As surprizing as this may seem, some people do use 240-column 67-row
screens (a 1920x1080 monitor with 8x16 pixel fonts) which is getting
close to the limit. Monitors with higher resolution are not uncommon
these days (3840x2160 producing a 480x135 character display) and it is
just a matter of time before someone with, say, a braille display using
the Linux VT console and BRLTTY on such a screen reports a bug about
missing and oddly misaligned screen content.
Let's add VT_GETCONSIZECSRPOS for the retrieval of console size and cursor
position without byte-sized limitations. The actual console size limit as
encoded in vt.c is 32767x32767 so using a short here is appropriate.

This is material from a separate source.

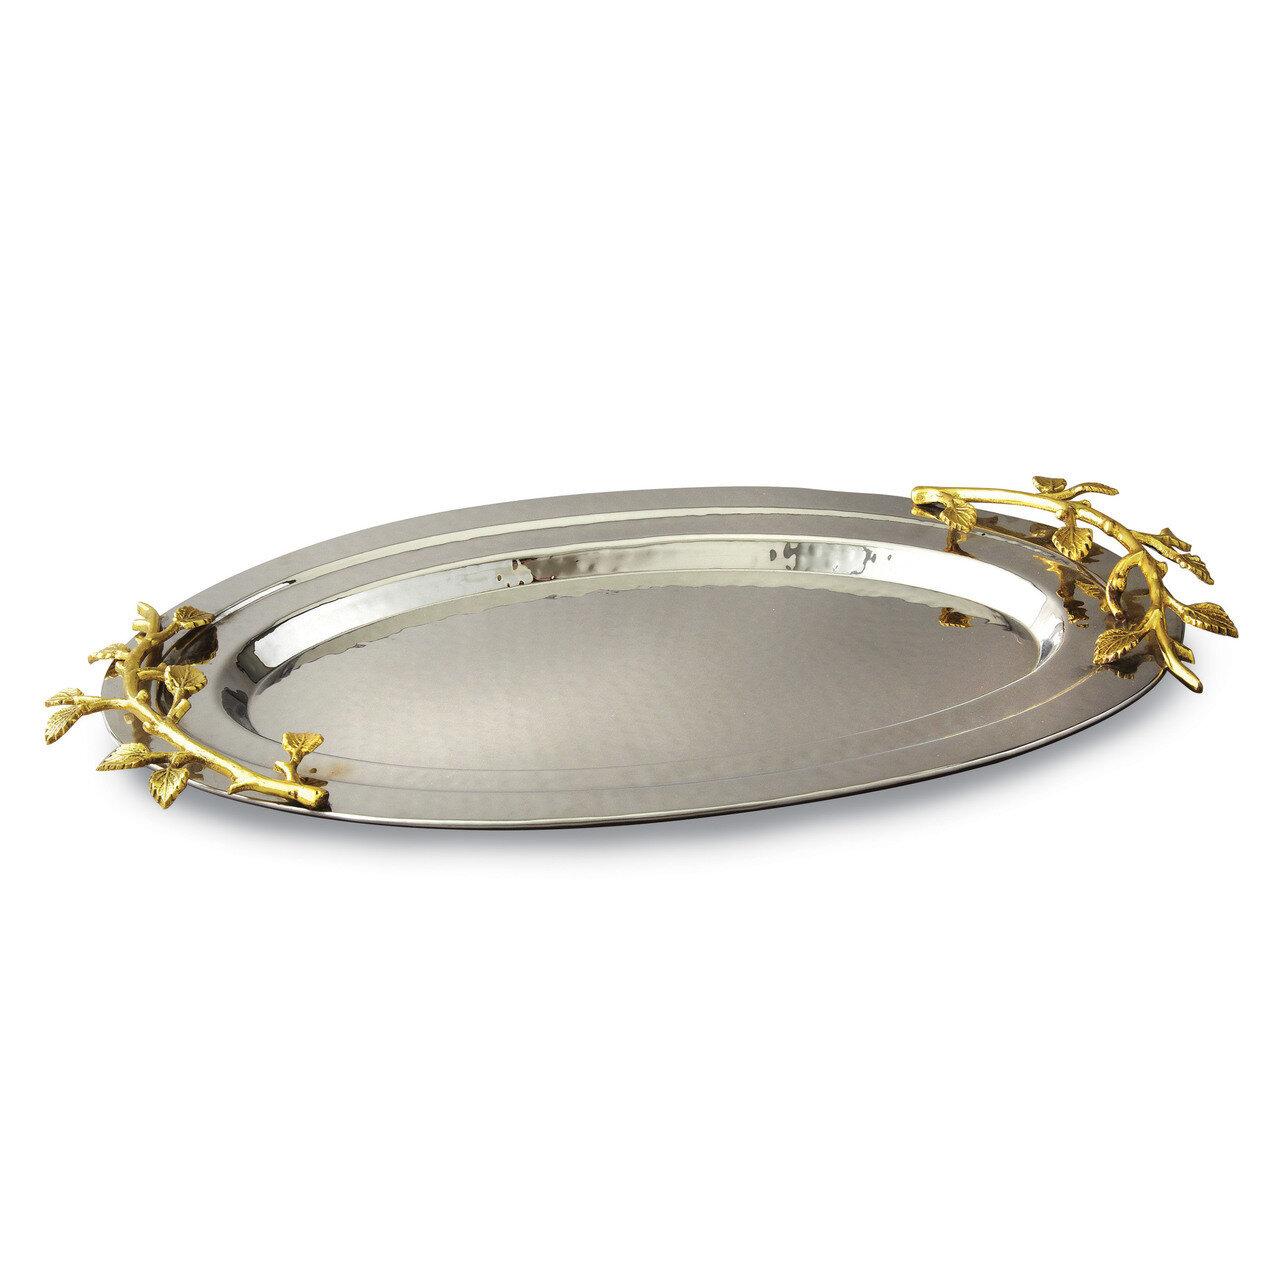 Golden Vine Hammered Oval Tray Stainless Steel GM14129

Then
this can be used to get the cursor position when /dev/vcsa reports 255.
The screen dimension may already be obtained using TIOCGWINSZ and adding
the same information to VT_GETCONSIZECSRPOS might be redundant. However
applications that care about cursor position also care about display
size and having 2 separate system calls to obtain them separately is
wasteful. Also, the cursor position can be queried by writing "\e[6n" to
a tty and reading back the result but that may be done only by the actual
application using that tty and not a sideline observer.
Signed-off-by: Nicolas Pitre <[email protected]>
Link: https://lore.kernel.org/r/[email protected]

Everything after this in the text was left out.